9. How the Ground Truth for the Training Set Was Established
- Not stated. Assuming a supervised learning approach for the ECG algorithm (which is typical for such devices), the ground truth for the training set would have been established by expert cardiologists or electrophysiologists annotating a large dataset of ECG recordings, similar to how the ground truth for an independent test set would be established.
§ 870.5310 Automated external defibrillator system.
(a)
Identification. An automated external defibrillator (AED) system consists of an AED and those accessories necessary for the AED to detect and interpret an electrocardiogram and deliver an electrical shock (e.g., battery, pad electrode, adapter, and hardware key for pediatric use). An AED system analyzes the patient's electrocardiogram, interprets the cardiac rhythm, and automatically delivers an electrical shock (fully automated AED), or advises the user to deliver the shock (semi-automated or shock advisory AED) to treat ventricular fibrillation or pulseless ventricular tachycardia.(b)
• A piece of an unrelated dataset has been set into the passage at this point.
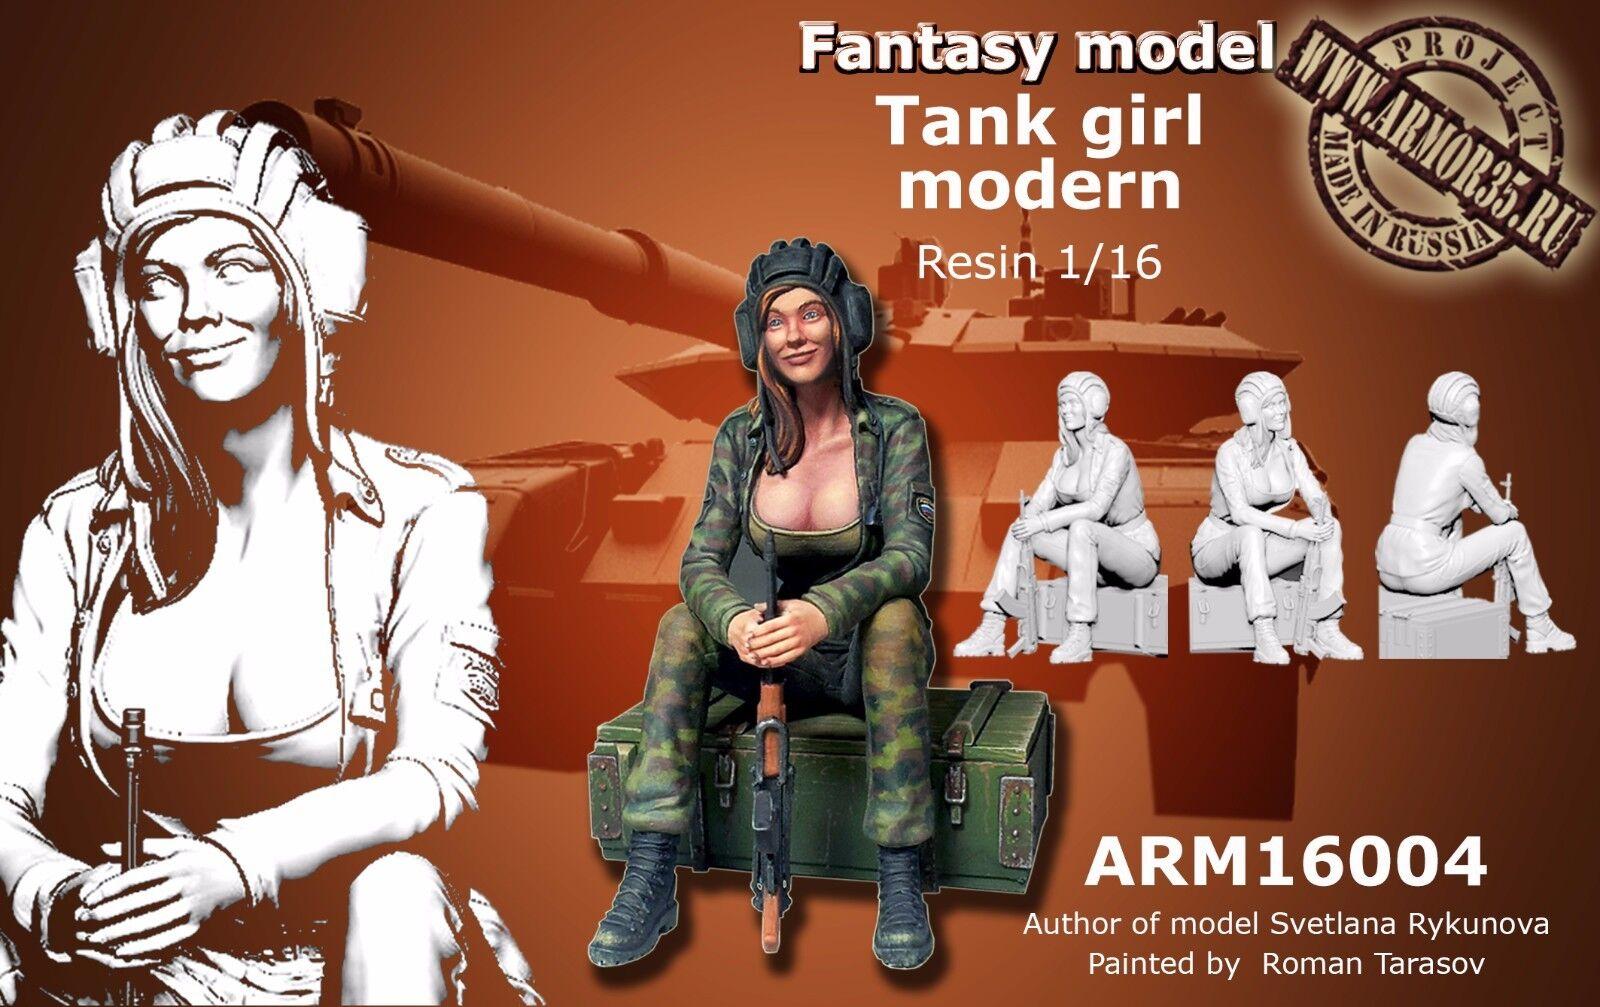 ARMOR35 16004 MODERN TANK GIRL RESIN SCALE MODEL FIGURE 1 16 NEW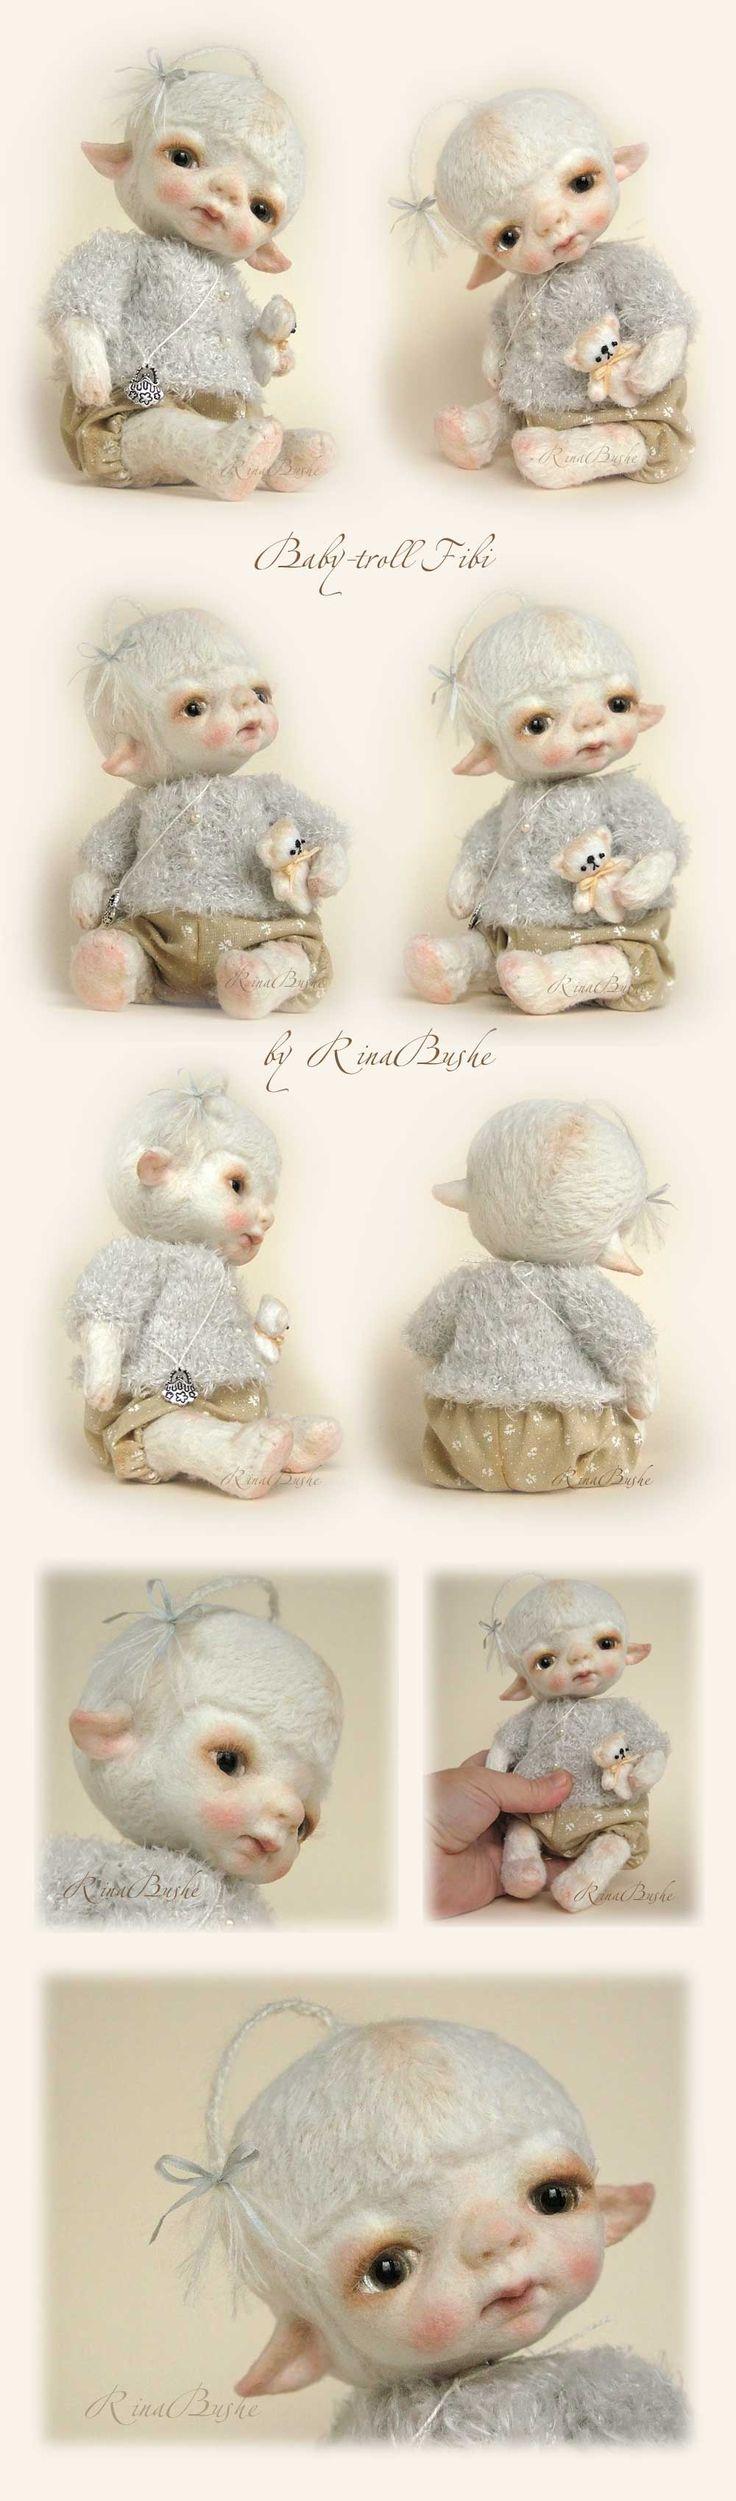 Felt dolls by Rina Bushe

Classification. Class III (premarket approval)(c)
Date PMA or notice of completion of PDP is required. A PMA will be required to be submitted to the Food and Drug Administration by April 29, 2015, for any AED that was in commercial distribution before May 28, 1976, or that has, by April 29, 2015, been found to be substantially equivalent to any AED that was in commercial distribution before May 28, 1976. A PMA will be required to be submitted to the Food and Drug Administration by April 29, 2015, for any AED accessory described in paragraph (a) that was in commercial distribution before May 28, 1976, or that has, by April 29, 2015, been found to be substantially equivalent to any AED accessory described in paragraph (a) that was in commercial distribution before May 28, 1976. Any other AED and AED accessory described in paragraph (a), shall have an approved PMA or declared completed PDP in effect before being placed in commercial distribution.